Your Location is: Home > Mysql

Most efficient way to remove Duplicate JSON entries from Array?

From: Amsterdam View: 3275 Floobinator 

Question

I am curious what technique developers use to remove duplicate JSON entries in a JSON Array.
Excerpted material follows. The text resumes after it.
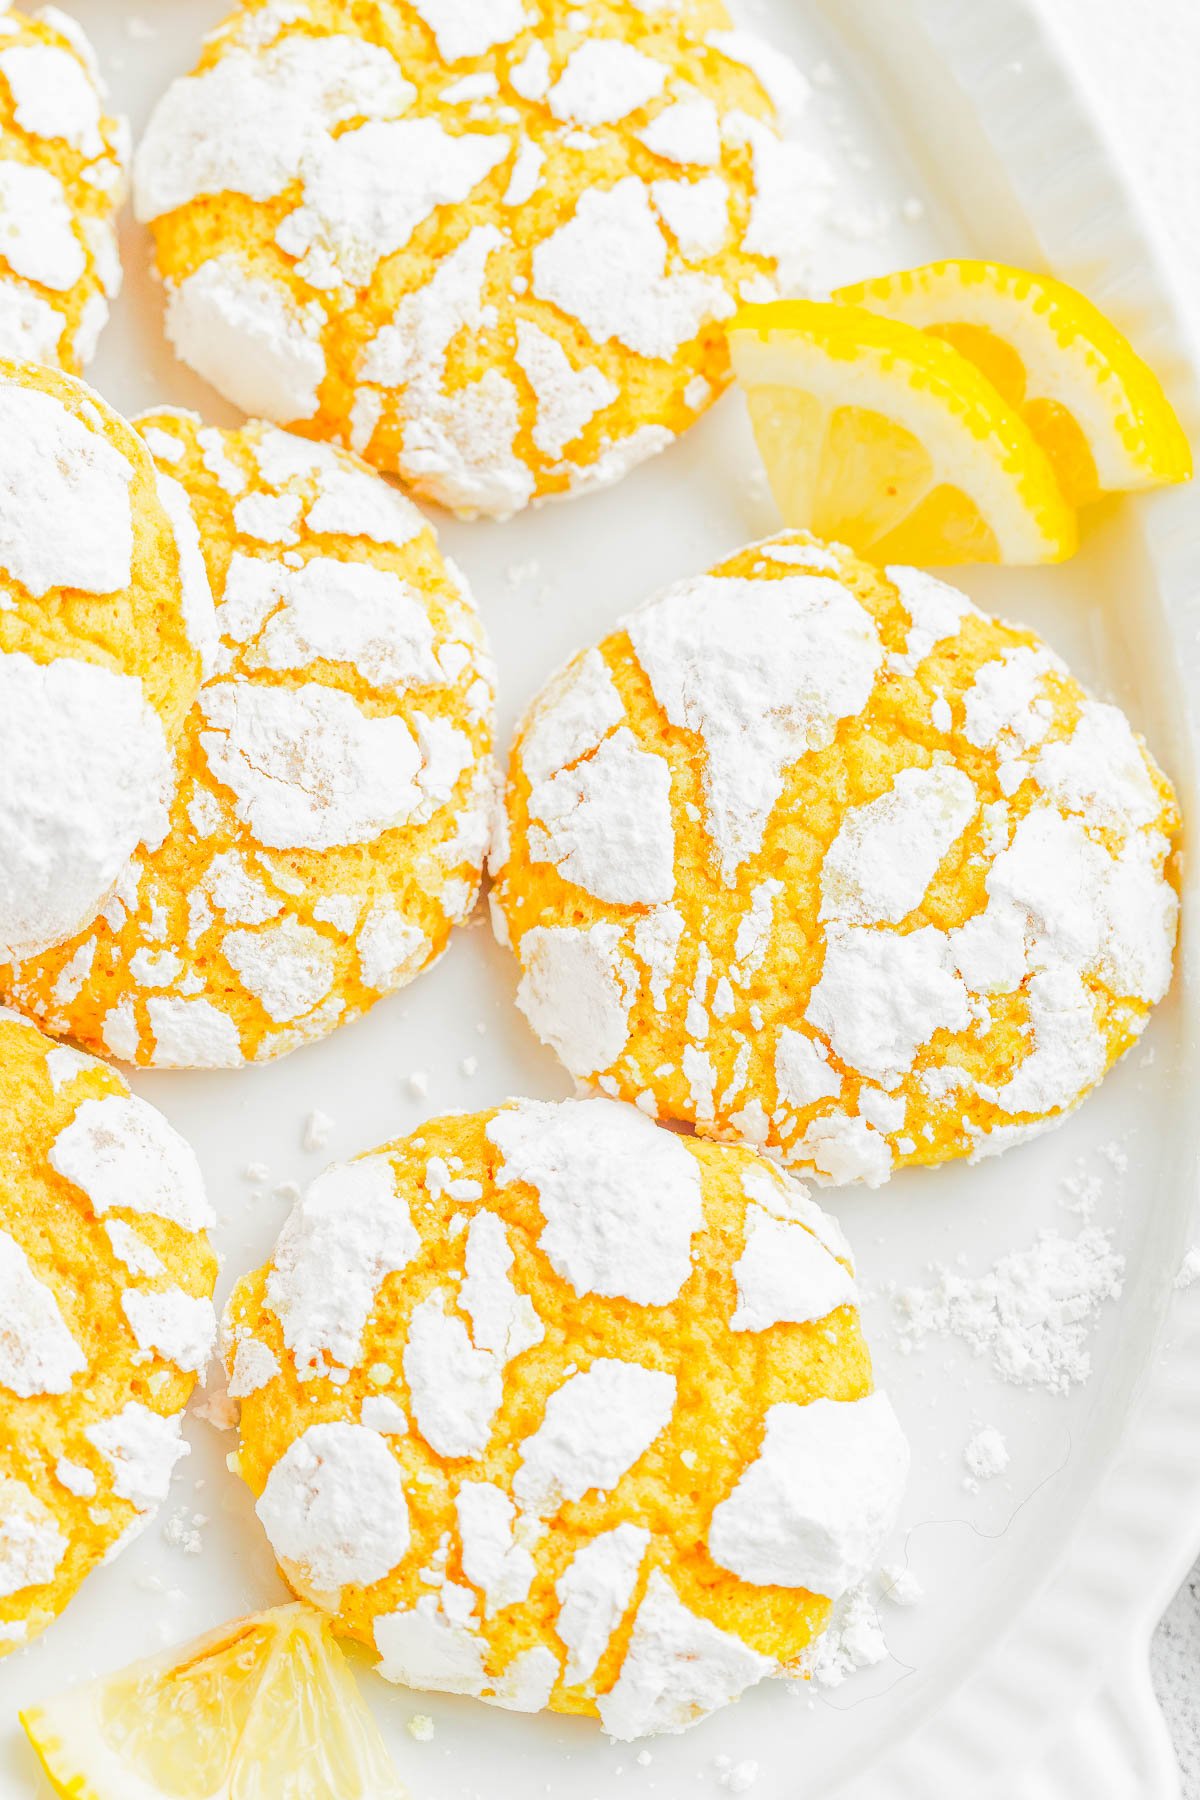 Lemon Crinkle Cookies — Lemon crinkles are pillowy soft on the inside and chewy on the outside, with slightly crispy edges from the powdered sugar coating! They taste like lemon bars, but in cookie form! The dough is flavored with lemon three ways and is perfect for holiday gatherings, Easter, Mother’s day, or whenever you’re craving an EASY lemon dessert 🍋!

For example:

[{"name":"philip"},{"name":"steve"},{"name":"philip"},{"name":"seth"}]

The goal is to remove the extra "philip".

Now I'm doing this on an array of objects that can be quite large (hundreds). Granted I can write code to iterate them manually, but speed is a factor.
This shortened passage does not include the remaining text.